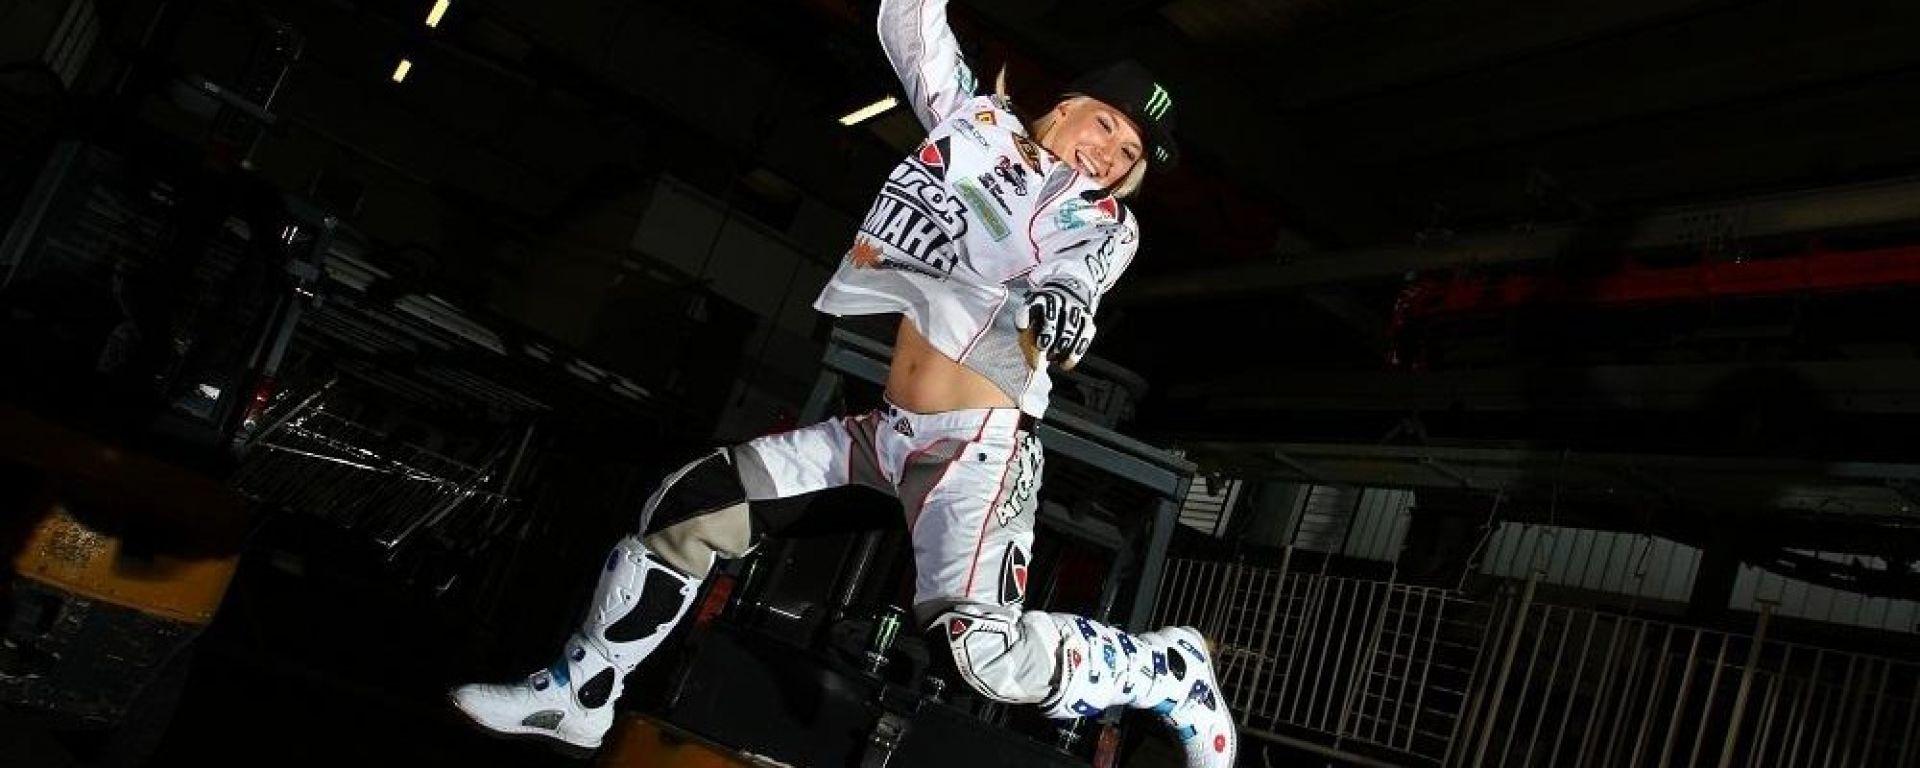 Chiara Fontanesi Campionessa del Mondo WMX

==

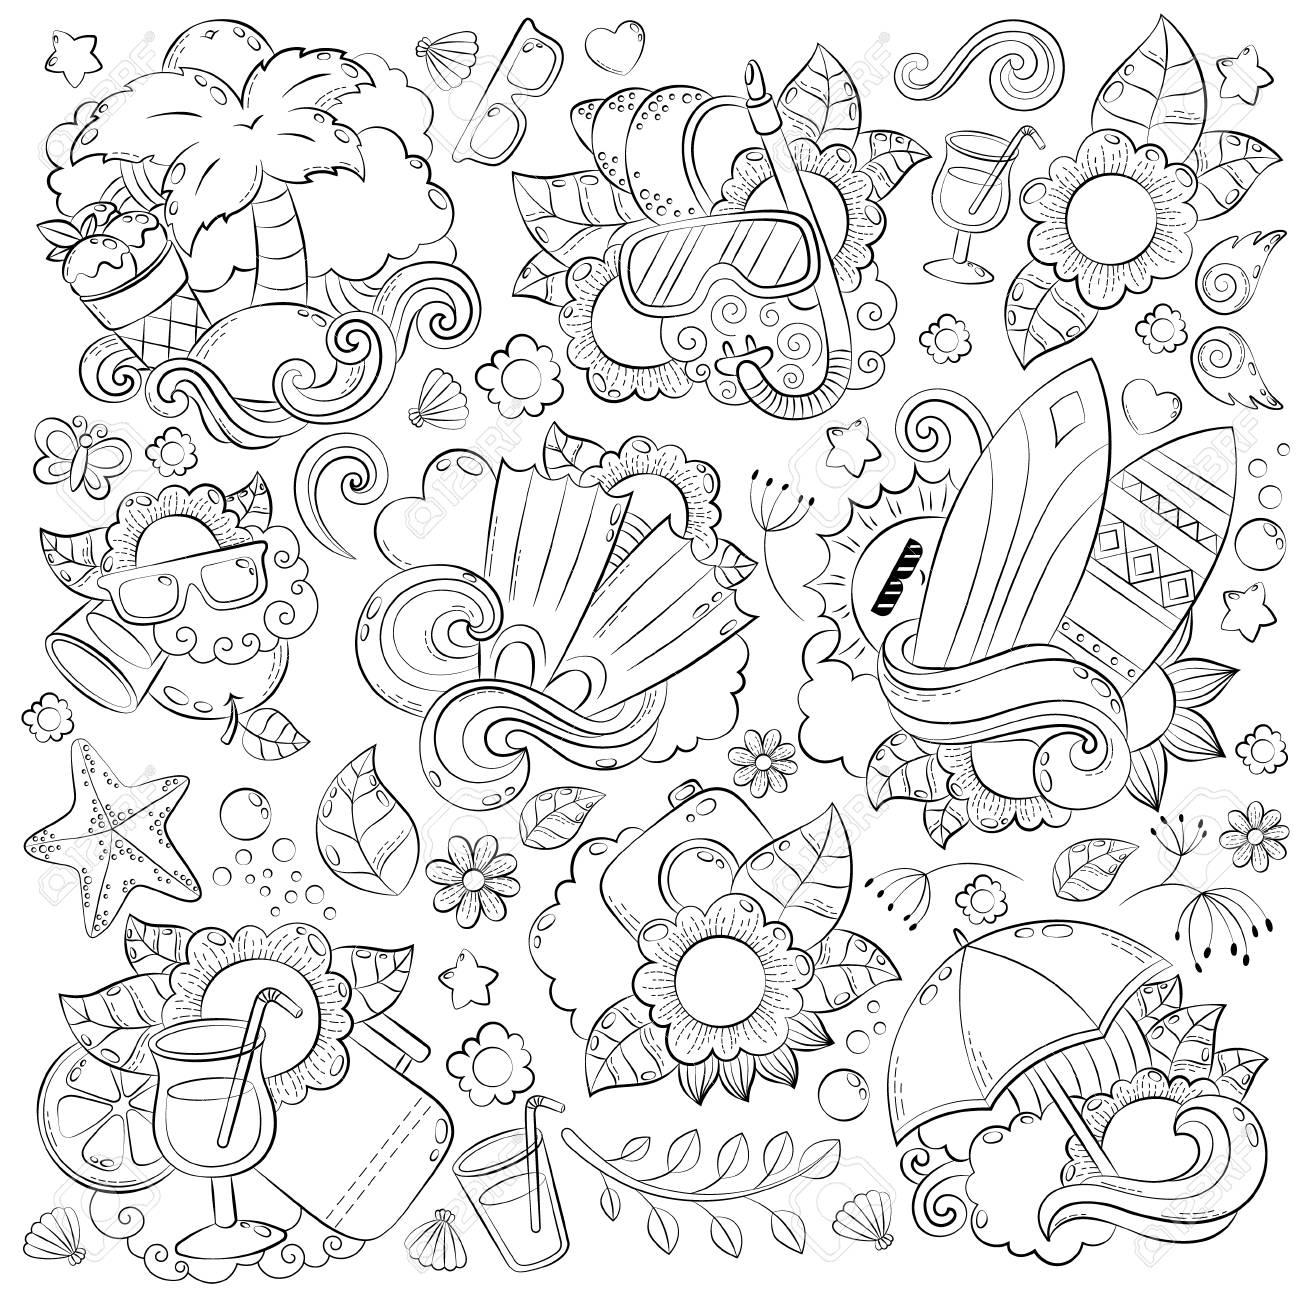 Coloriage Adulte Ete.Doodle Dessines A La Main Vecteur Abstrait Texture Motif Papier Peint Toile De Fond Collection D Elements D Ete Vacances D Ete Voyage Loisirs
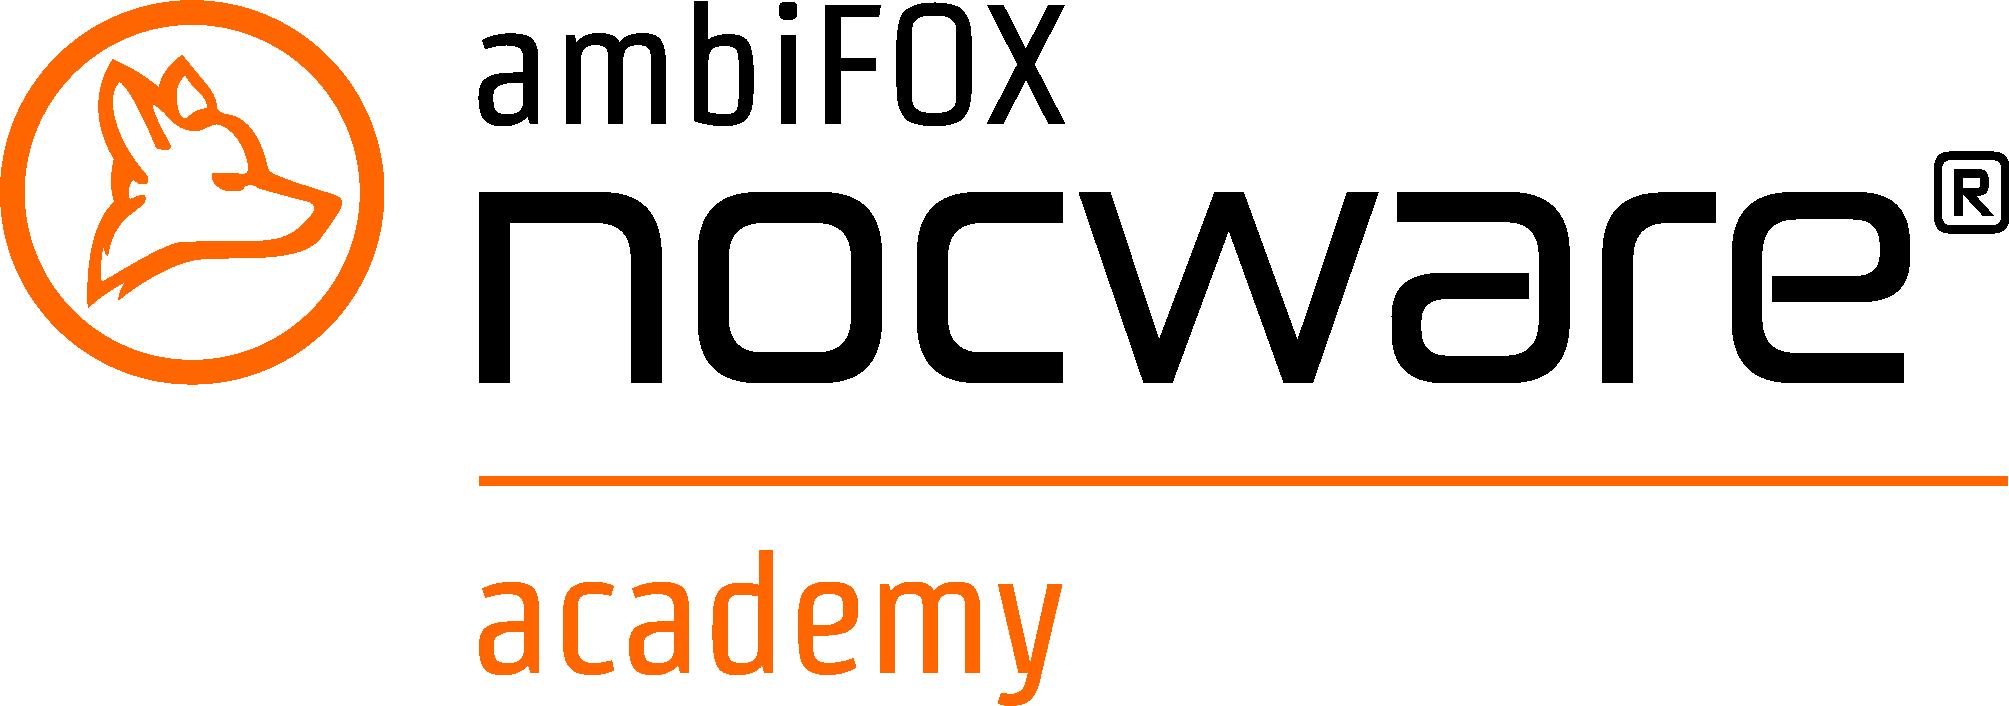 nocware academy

--

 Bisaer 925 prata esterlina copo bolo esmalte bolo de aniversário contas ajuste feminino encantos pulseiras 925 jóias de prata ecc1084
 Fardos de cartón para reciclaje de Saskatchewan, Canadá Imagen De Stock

TASK ITEM: Whatever else the listing above holds, retype exactly only the lines from the one containing "Bisaer 925 prata" to the one containing "Fardos de cartón", both ends kept.

SOLUTION FOR THIS PROBLEM:
 Bisaer 925 prata esterlina copo bolo esmalte bolo de aniversário contas ajuste feminino encantos pulseiras 925 jóias de prata ecc1084
 Fardos de cartón para reciclaje de Saskatchewan, Canadá Imagen De Stock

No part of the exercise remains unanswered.